Alien’s principal focus is the advancement and development of its 90%-owned Hancock Iron Ore Project in the central Pilbara region of Western Australia. The Hancock tenements contain a JORC-compliant resource of 8.4Mt at 60% Fe and offer significant exploration upside, which is targeted to deliver a mining operation of 2Mtpa for 10 years. The Project benefits from direct access to the Great Northern Highway, providing a route to export facilities at Port Hedland, one of the world’s largest iron ore export hubs. Alien also holds exploration interests in the Brockman and Vivash iron ore projects in the West Pilbara.
Alien additionally retains exposure to two advanced precious and base metal assets in the Pilbara. At Munni Munni, one of Australia’s largest PGM systems hosting a historic resource of 2.2Moz PGM (Palladium, Platinum, and Rhodium) and gold, the Company has completed its partial asset sale and joint venture transaction with GreenTech Metals Ltd, under which Alien has divested a 70% interest in the Munni Munni tenements to GreenTech and Alien will retain a 30% interest, free carried to the completion of a bankable feasibility study at Munni Munni. Alien (via wholly owned subsidiary A.C.N. 643 478 371 Pty Ltd) also retains a 30% interest in the Elizabeth Hill Silver Project through a joint venture with Crest, which encompasses the Elizabeth Hill Mining Lease M47/342, which has produced some of Australia’s highest-grade silver ore during the late 1990s. Alien retains a 30% interest in the Elizabeth Hill Silver Project and additionally holds 30.5 million shares in West Coast Silver Limited, providing both direct project exposure and equity participation in ongoing development.

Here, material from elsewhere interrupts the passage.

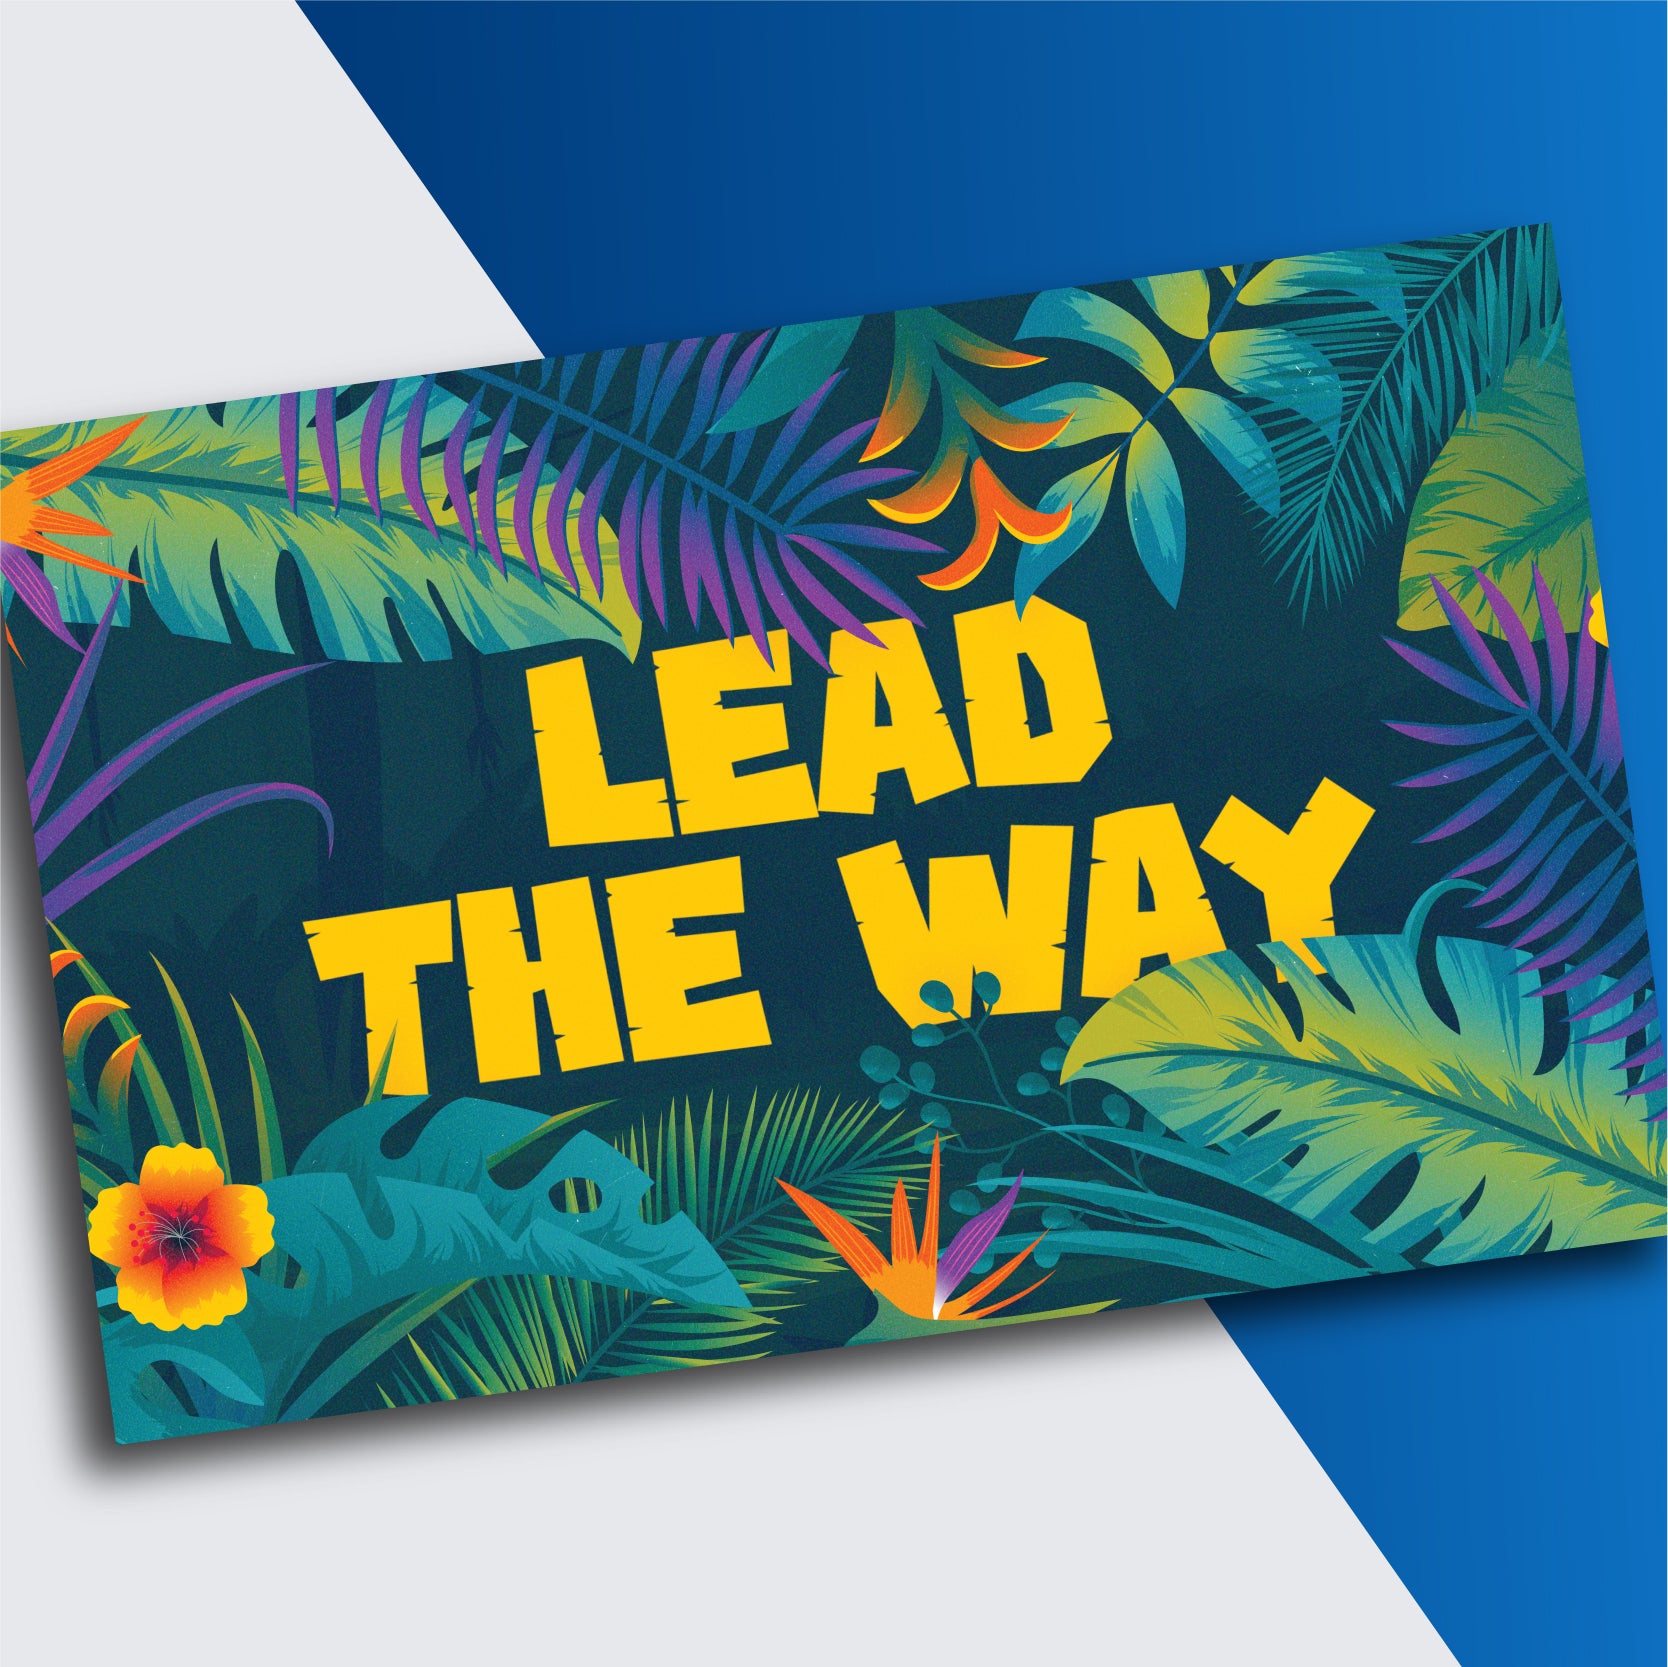 Lead The Way Posters

Competent Person’s Statement
The information in this Report that relates to the current Mineral Resource estimate is based on, and fairly reflects, information compiled by Mr Phil Jankowski. Mr Jankowski is a full-time employee of ERM and is a Fellow of the Australasian Institute of Mining and Metallurgy. Mr Jankowski has sufficient experience relevant to the style of mineralisation and type of deposit under consideration and to the activity which he is undertaking to qualify as Competent Person as defined in the 2012 Edition of the Australasian Code for the Reporting of Exploration Results, Mineral Resources and Ore Reserves (JORC Code). Mr Jankowski consent to the disclosure of the information in this Report in the form and context in which it appears.
Appendix A – WCE ASX Release Titled “Elizabeth Hill Silver Project – 2.8 Moz Silver Mineral Resource Estimate” dated 22 April 2026
Elizabeth Hill Silver Project – 2.8 Moz Silver Mineral Resource Estimate
· West Coast Silver announces its inaugural Mineral Resource Estimate (MRE) for the Elizabeth Hill Silver Project, Western Australia.
· 2.79 Moz Silver from 141,000t at 617g/t Ag, including 369,000 oz Indicated and 2.42 Moz Inferred, reported above a 20 g/t Ag cut-off.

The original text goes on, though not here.